Récit

LAURIANE, 28 ans: « J’ai préféré sauter dans le vide. »

LAURIANE, 28 ans :

L’inconnu reste quelque chose qui m’effraie. J’apprécie ce qui est habituel. Je n’ai pas le sens de l’aventure. C’est pour cela que la décision de partir dans un autre pays pour faire une thèse de neurosciences était une assez grosse prise de risque pour moi. Ce n’était absolument pas dans ma nature.
Il y a trois ans, après mon Master, j’ai hésité entre continuer mes études et trouver un emploi. Finalement en juillet 2015, j’ai trouvé un poste pour faire ma thèse à Zurich.
J’ai dû passer deux entretiens avant d’être acceptée; et entre les deux mon frère est décédé.



CHAPITRE I

Mes parents étaient là pour la seconde entrevue. Ils s’en étaient voulu de ne pas être venus à la première. Ça a été l’excuse pour organiser un roadtrip et être ensemble après la disparation de mon frère.
J’ai fait ma présentation devant les chercheurs suisses et je suis sortie de la salle. Ça leur a pris environ cinq minutes pour valider ma candidature et m’embaucher. Un peu à la surprise générale.

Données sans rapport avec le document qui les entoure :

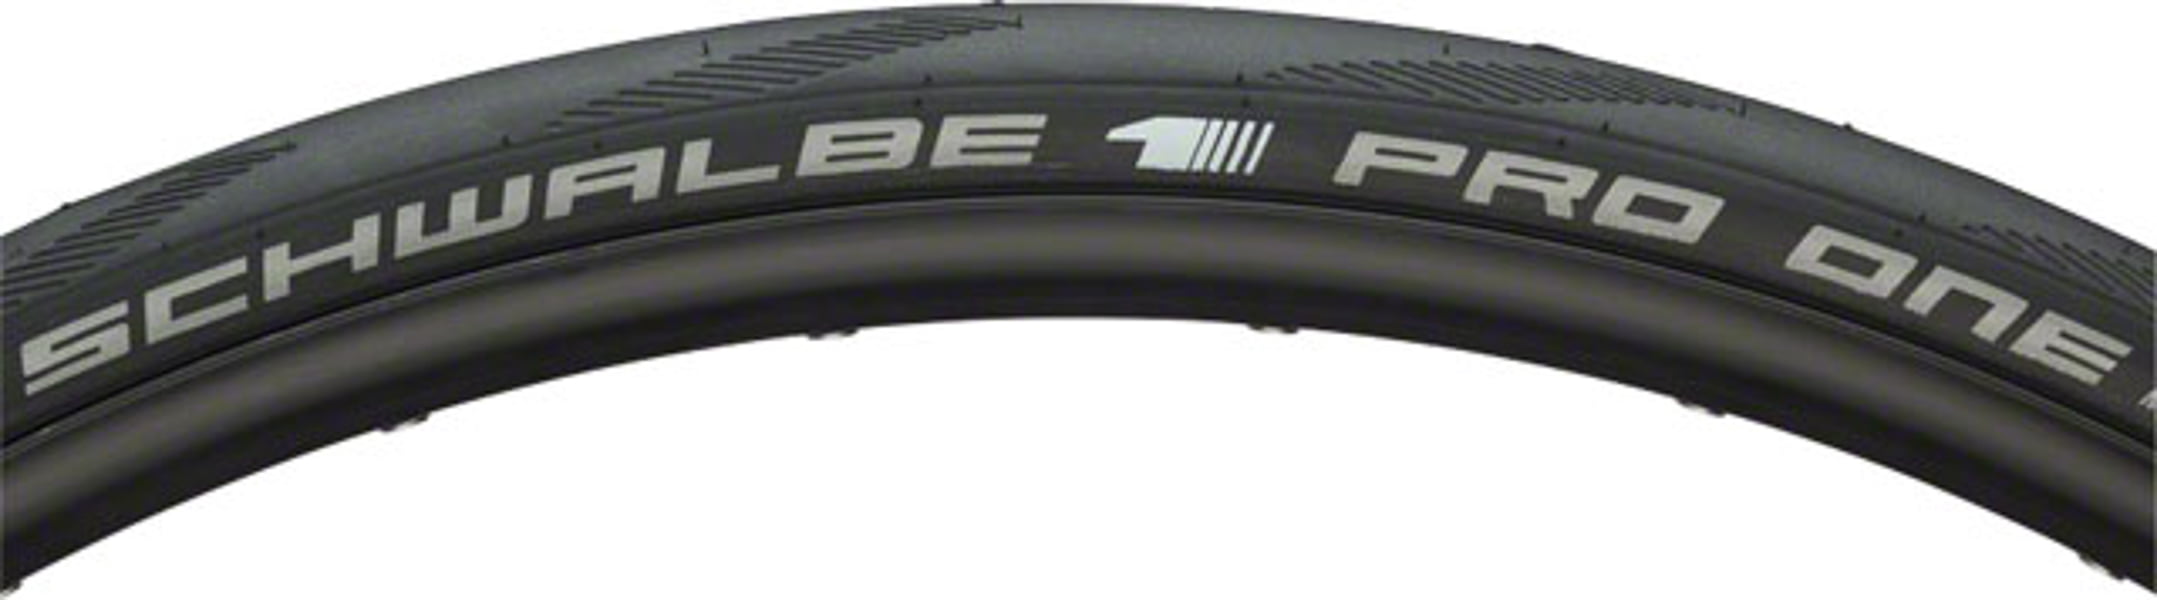 tubeless road tires 700 x 28

Là, j’ai dû dire oui ou non.

Il y a toujours une différence entre envoyer des C.V.s à l’étranger et partir vraiment. Je savais qu’il me faudrait assumer ce choix. L’intention et l’action sont deux choses bien différentes.
D’un coup, là dans cette salle devant eux ça devenait réel. C’était une décision à prendre d’instinct. On m’a un peu pressée. J’ai donné mon accord.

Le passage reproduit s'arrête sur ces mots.